* **Exercise instructions**: The listing below must be repeated word for word, with its images excluded.

* **Dataset excerpt**:
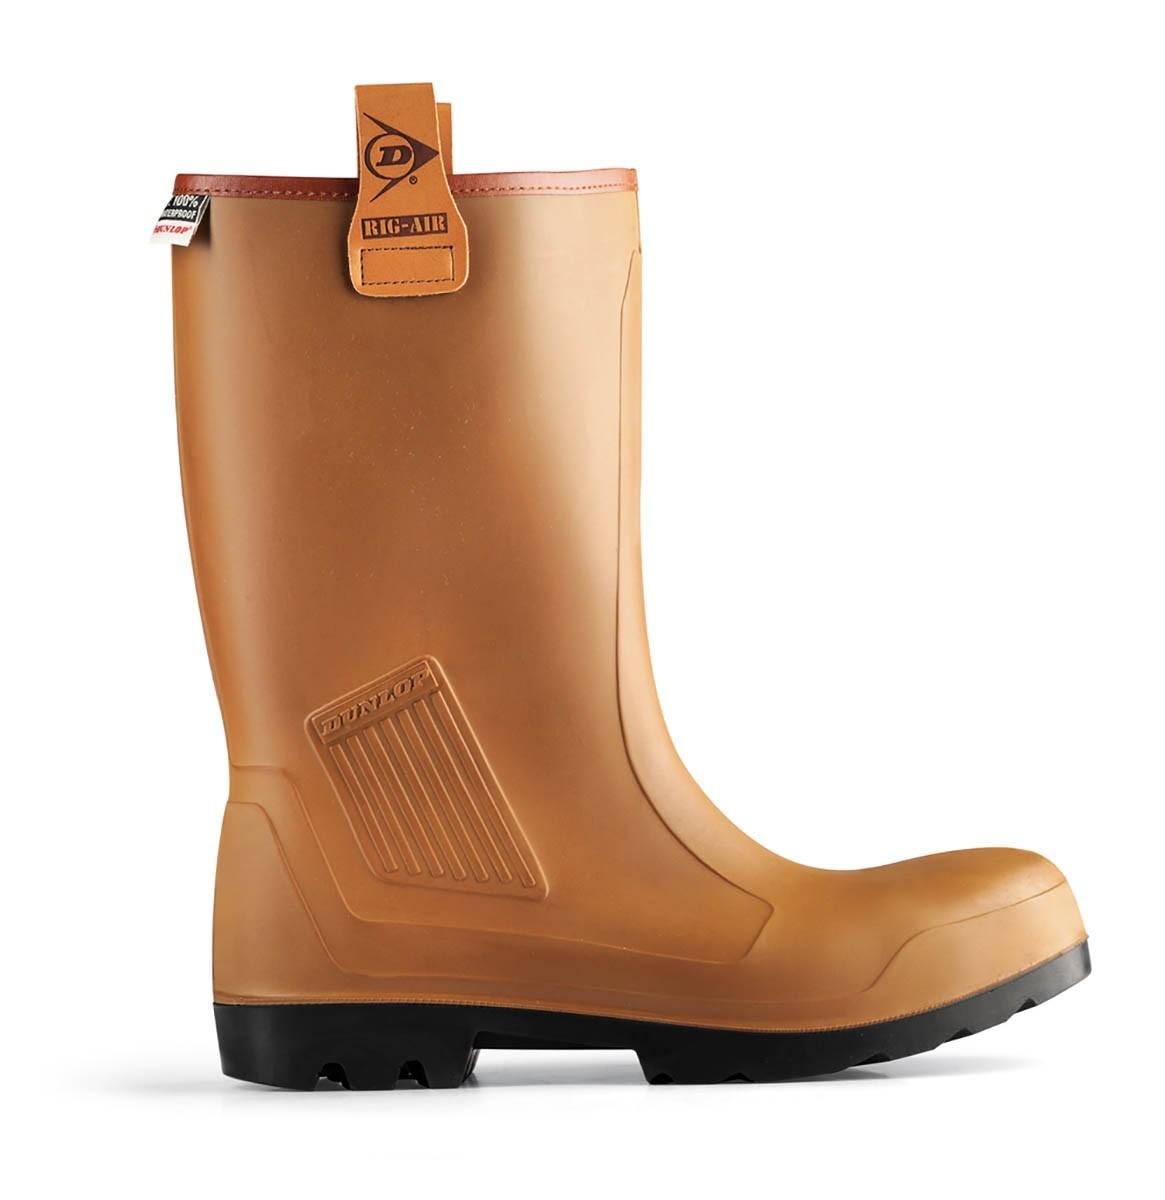 B-Dri Dunlop Purofort Waterproof Safety Rigger Boot C462743
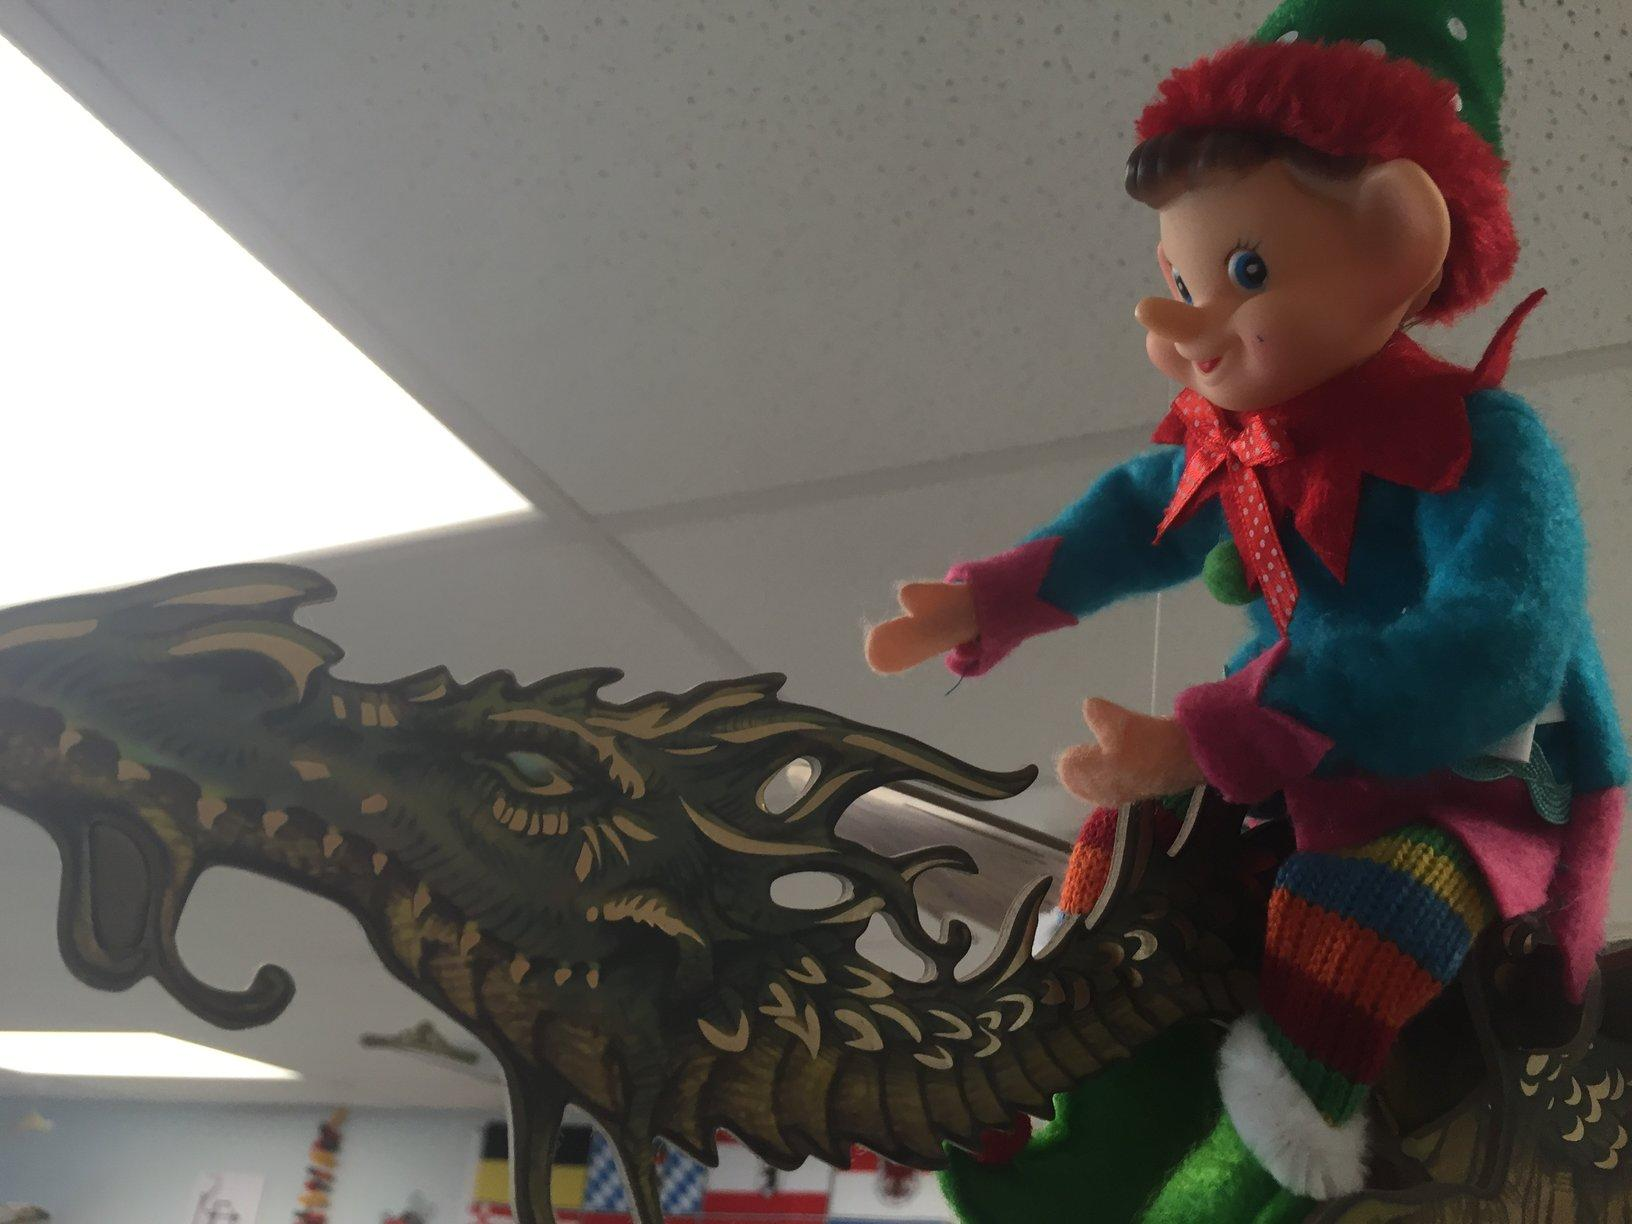 Where's elfie hiding today?
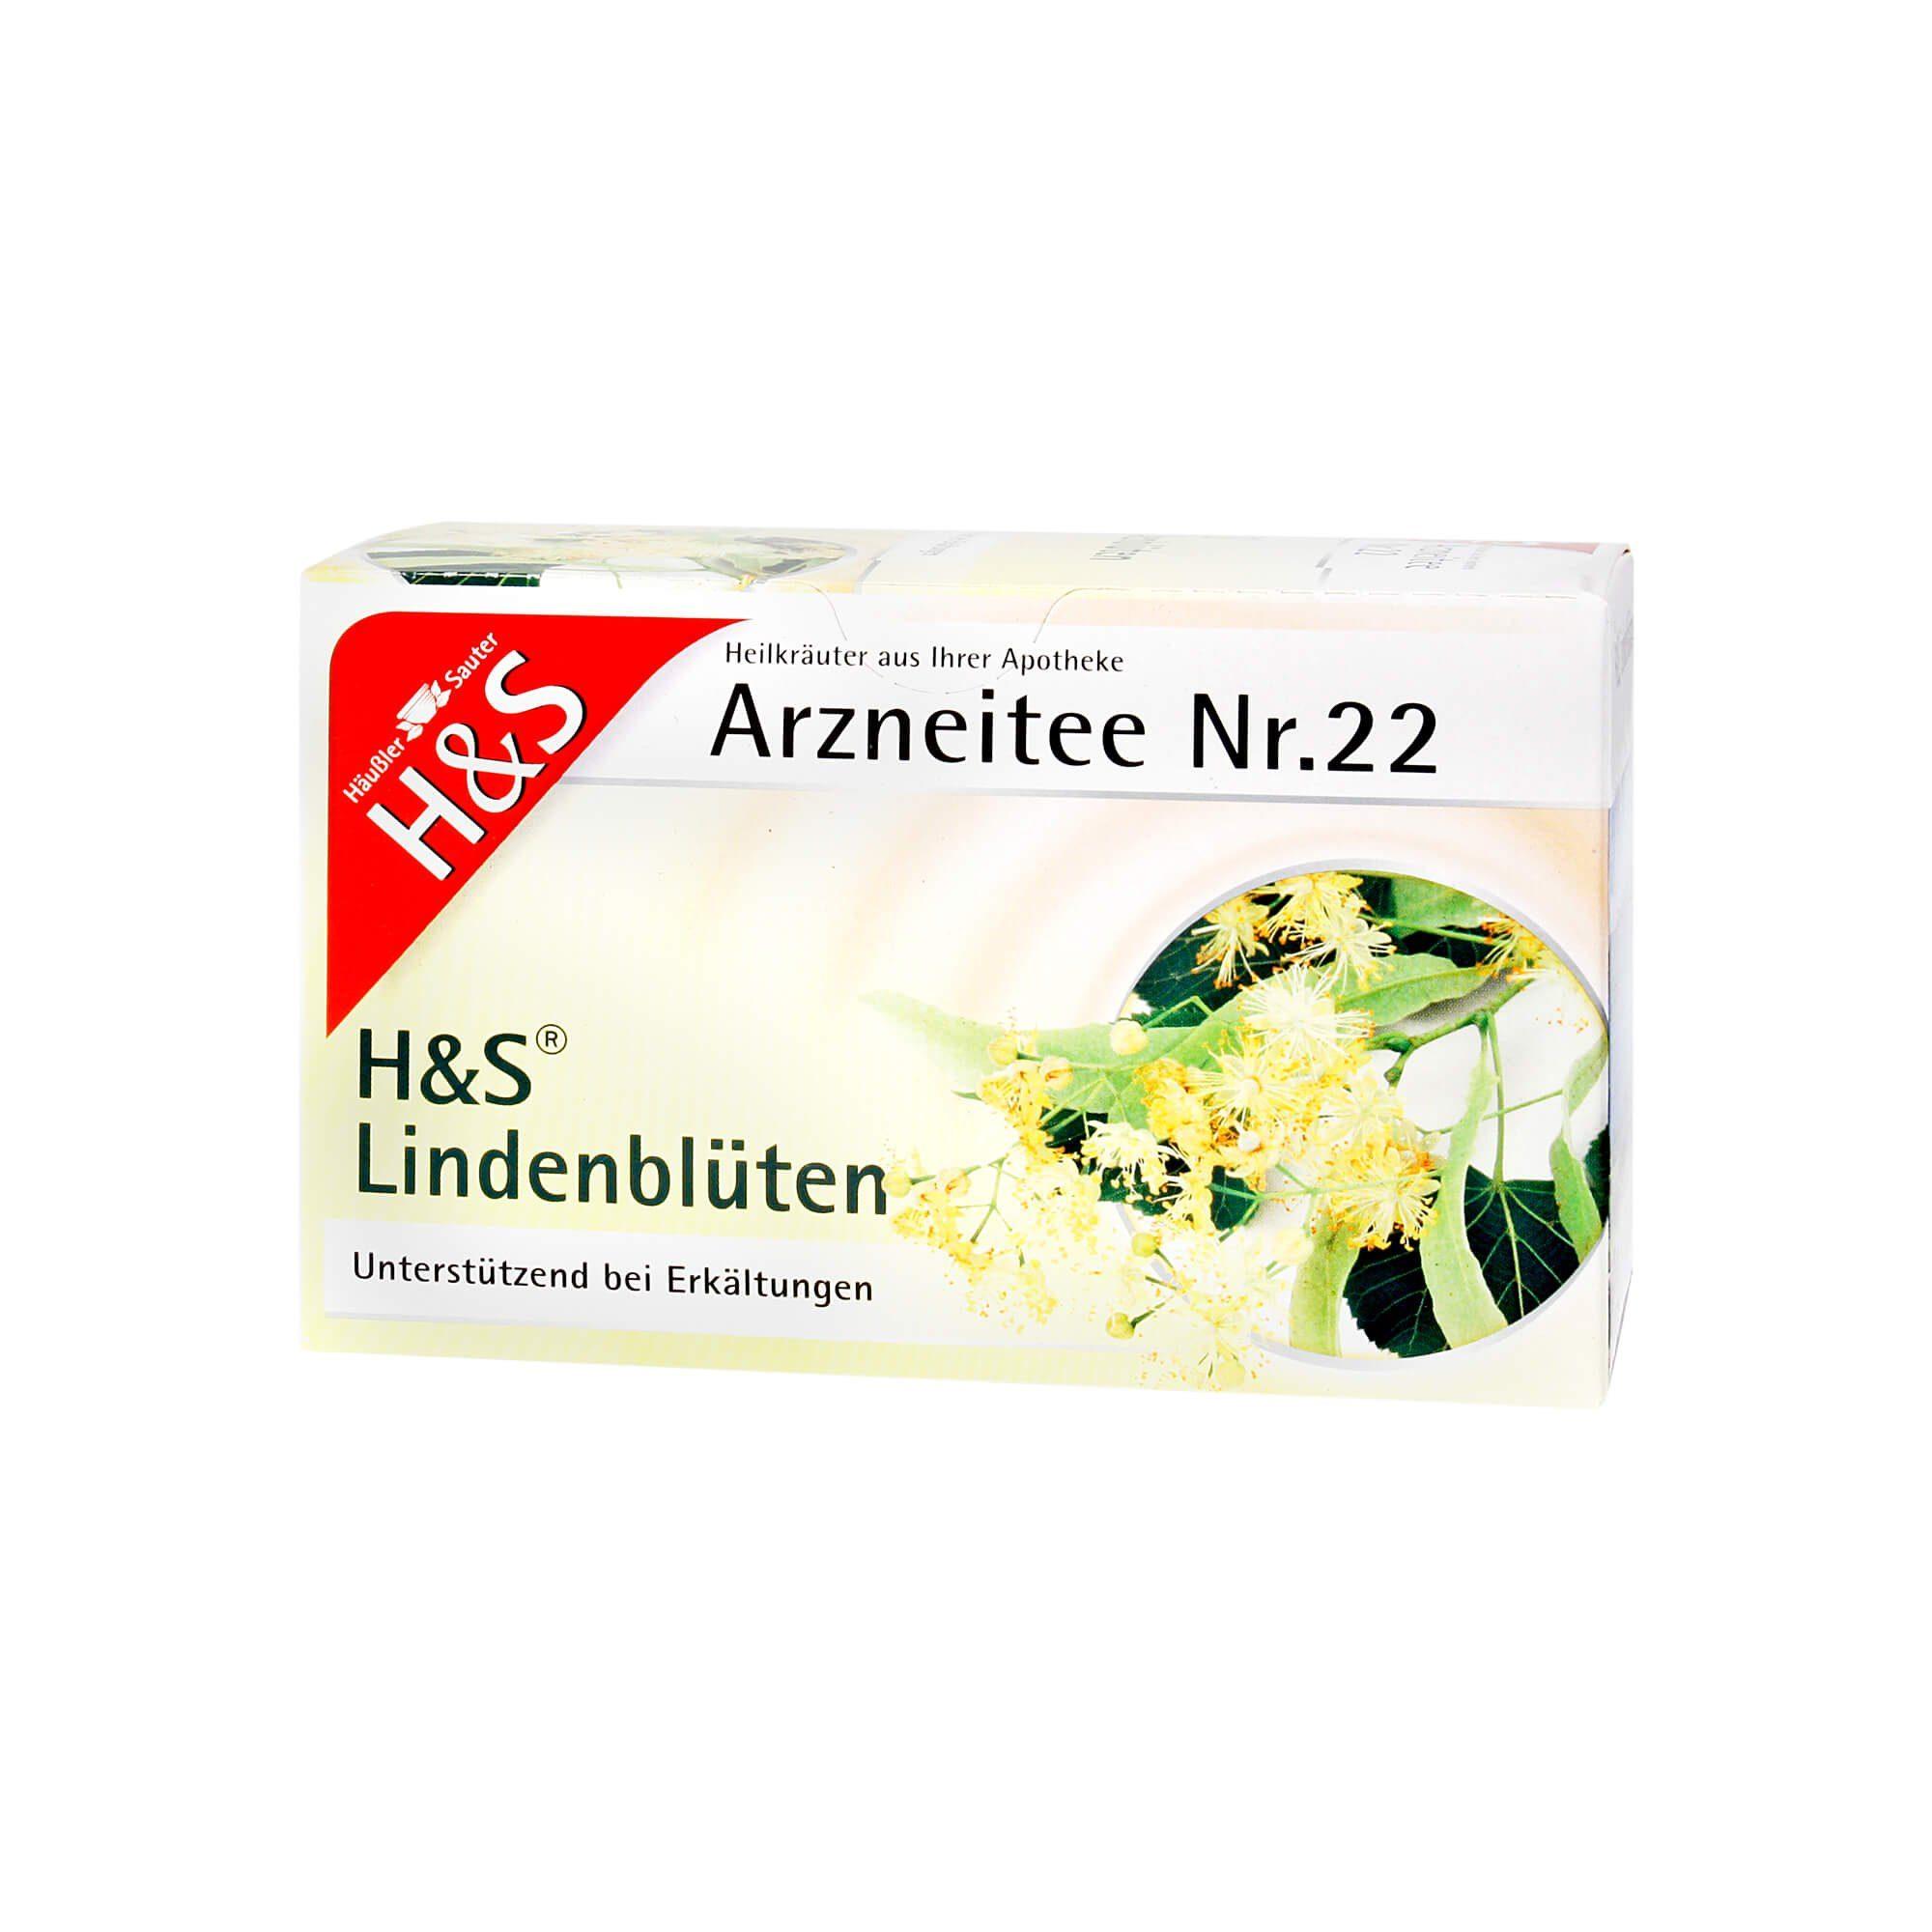 H&S Lindenblüten, 20 St
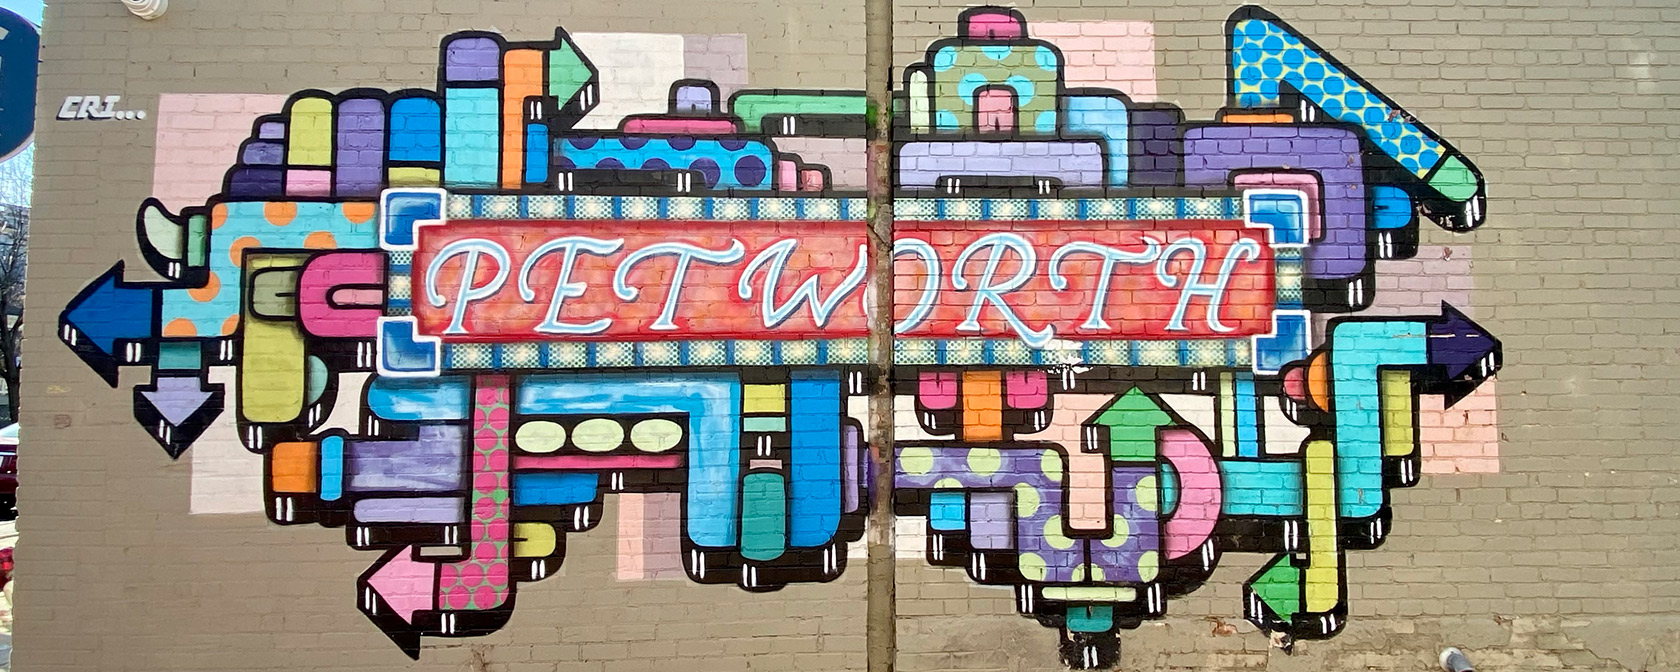 Petworth Mural | Visit Petworth neighborhood

* **Solution**:
 B-Dri Dunlop Purofort Waterproof Safety Rigger Boot C462743
 Where's elfie hiding today?
 H&S Lindenblüten, 20 St
 Petworth Mural | Visit Petworth neighborhood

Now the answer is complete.